----- ENTRIES SUPPLIED -----

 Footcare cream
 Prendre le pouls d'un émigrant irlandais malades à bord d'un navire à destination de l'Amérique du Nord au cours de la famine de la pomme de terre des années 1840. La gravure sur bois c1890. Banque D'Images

-----
----- ENTRIES SUPPLIED -----

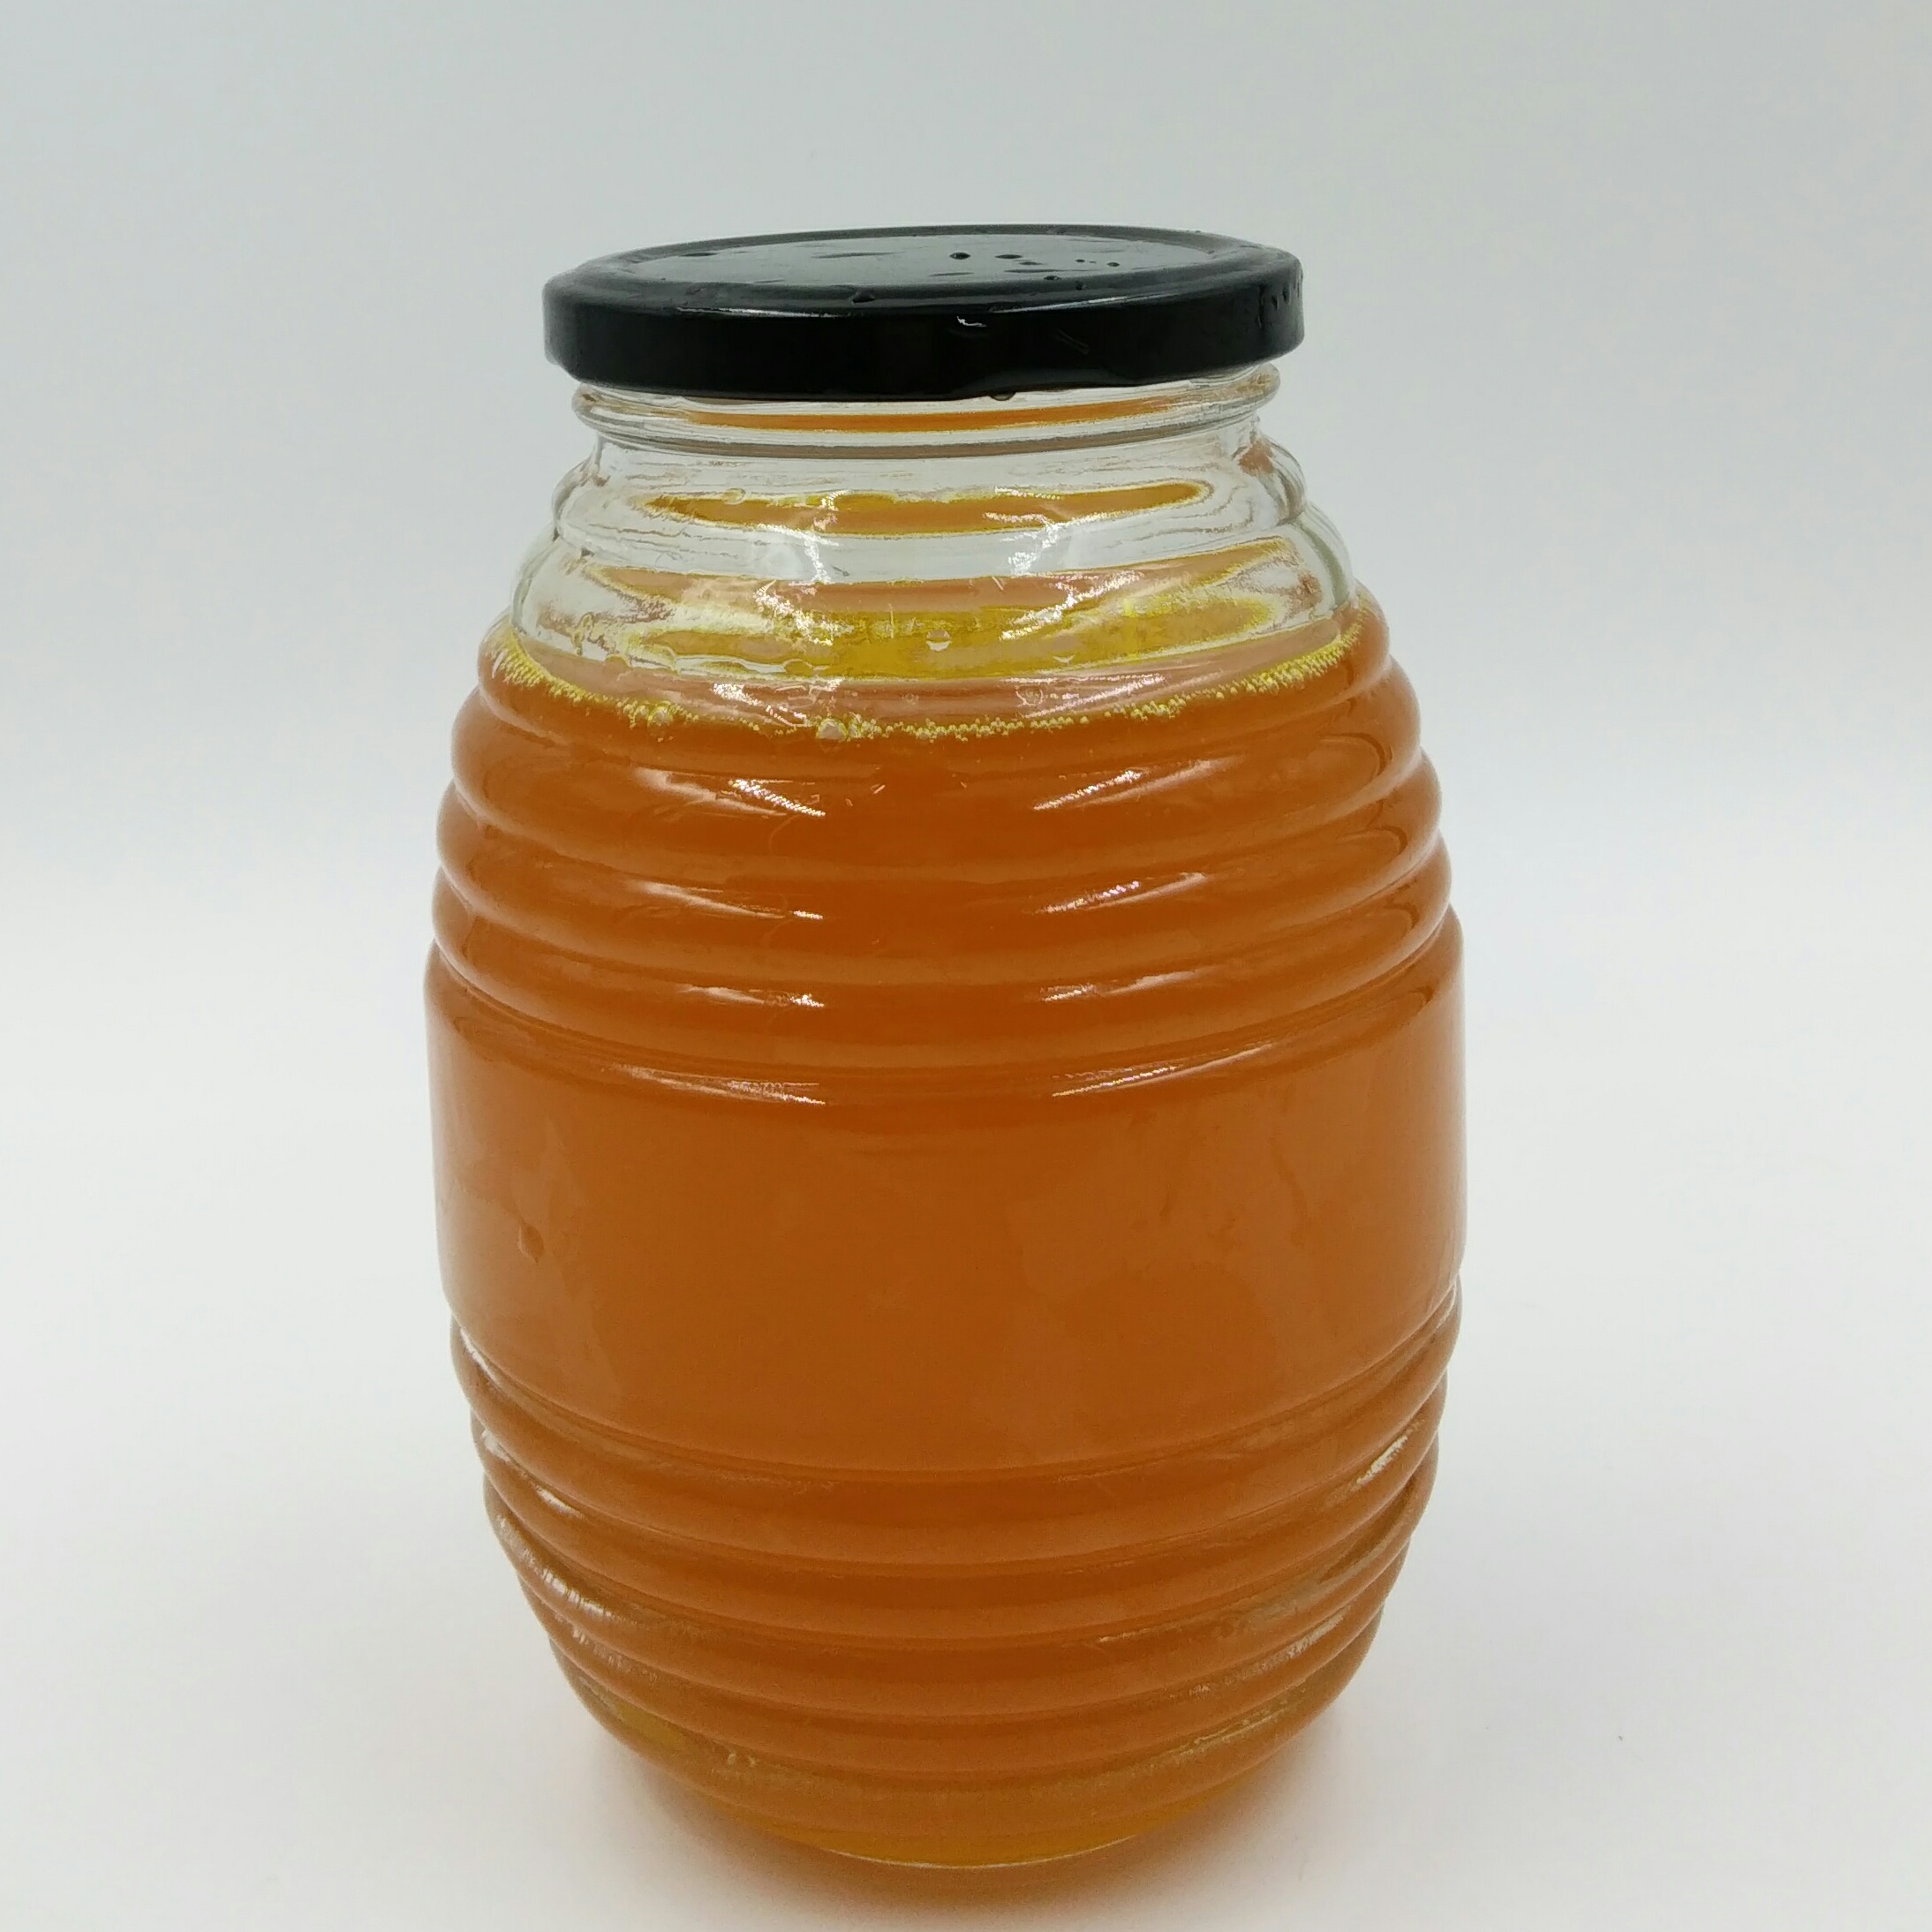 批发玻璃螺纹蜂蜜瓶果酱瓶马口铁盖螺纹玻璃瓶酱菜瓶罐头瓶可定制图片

-----

* **YOUR GOAL**
Retype the portion of the data above that starts on the line with "Footcare cream" and finishes on the line with "Prendre le pouls", including both of those lines.

* **EXPECTED ANSWER**
 Footcare cream
 Prendre le pouls d'un émigrant irlandais malades à bord d'un navire à destination de l'Amérique du Nord au cours de la famine de la pomme de terre des années 1840. La gravure sur bois c1890. Banque D'Images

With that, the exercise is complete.